Giancarlo Giudice: Un odio riflesso
Giancarlo Giudice, nato e cresciuto a Torino, ha passato la giovinezza tra collegi e strade difficili. Figlio di un padre alcolista e di una madre malata, uccise nove prostitute, tra il 1983 e il 1986, strangolate o ammazzate a colpi di pistola. Secondo lui, quelle donne erano sporche e vecchie, come la matrigna che odiava, e per questo meritavano di morire. Giudice fu dichiarato infermo di mente e oggi vive in libertà con una nuova identità.

Beverley Allitt: L’angelo della morte
Beverley Allitt, infermiera pediatrica britannica, ha trasformato la cura dei bambini in un incubo. In meno di due mesi, nel 1991, uccise quattro bambini e ne aggredì altri nove, manifestando un chiaro disturbo di Munchausen per procura, che la spingeva a simulare malattie per attirare compassione. La sua posizione di infermiera le permise di avvicinarsi alle piccole vittime senza destare sospetti, ma alla fine venne processata e condannata a tredici ergastoli.

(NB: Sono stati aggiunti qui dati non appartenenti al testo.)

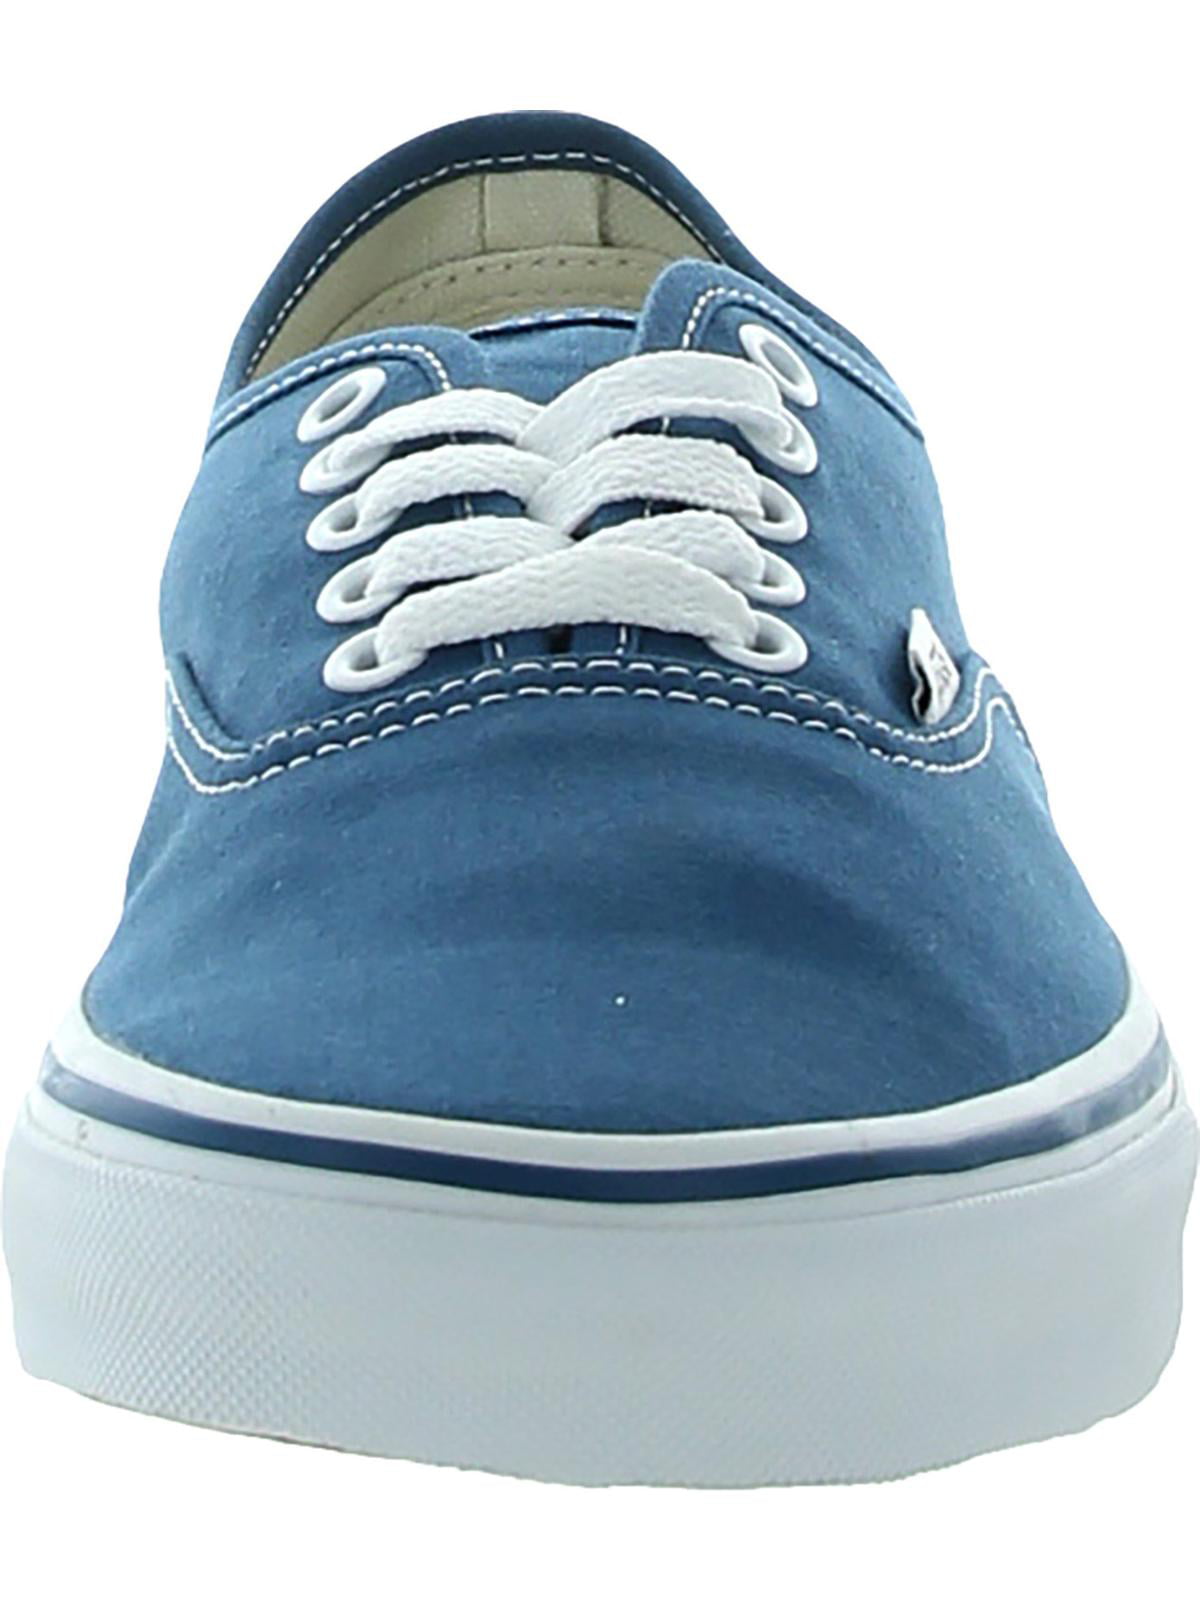 Vans Authentic Unisex Canvas Lace Up Top Original Sneakers Blue Size 11.5 - Walmart.com

Gaetana Stimoli: La vendetta cieca
Era il 1985 quando Gaetana Stimoli, una donna della provincia di Catania, scioccò l’Italia per aver avvelenato 23 bambini, convinti con dei dolci a seguirla. Aveva perso due figli e riteneva che la loro morte fosse frutto di una maledizione. Per vendicarli, avvelenò i figli degli altri con vino e acido fosforico. Molti bambini riuscirono a tornare a casa, ma vennero ricoverati con dolori insopportabili e persero la vita tra atroci sofferenze. Stimoli rappresenta un caso emblematico della distorsione psicologica che il dolore può causare, quando l’odio è rivolto verso innocenti per un male inspiegabile.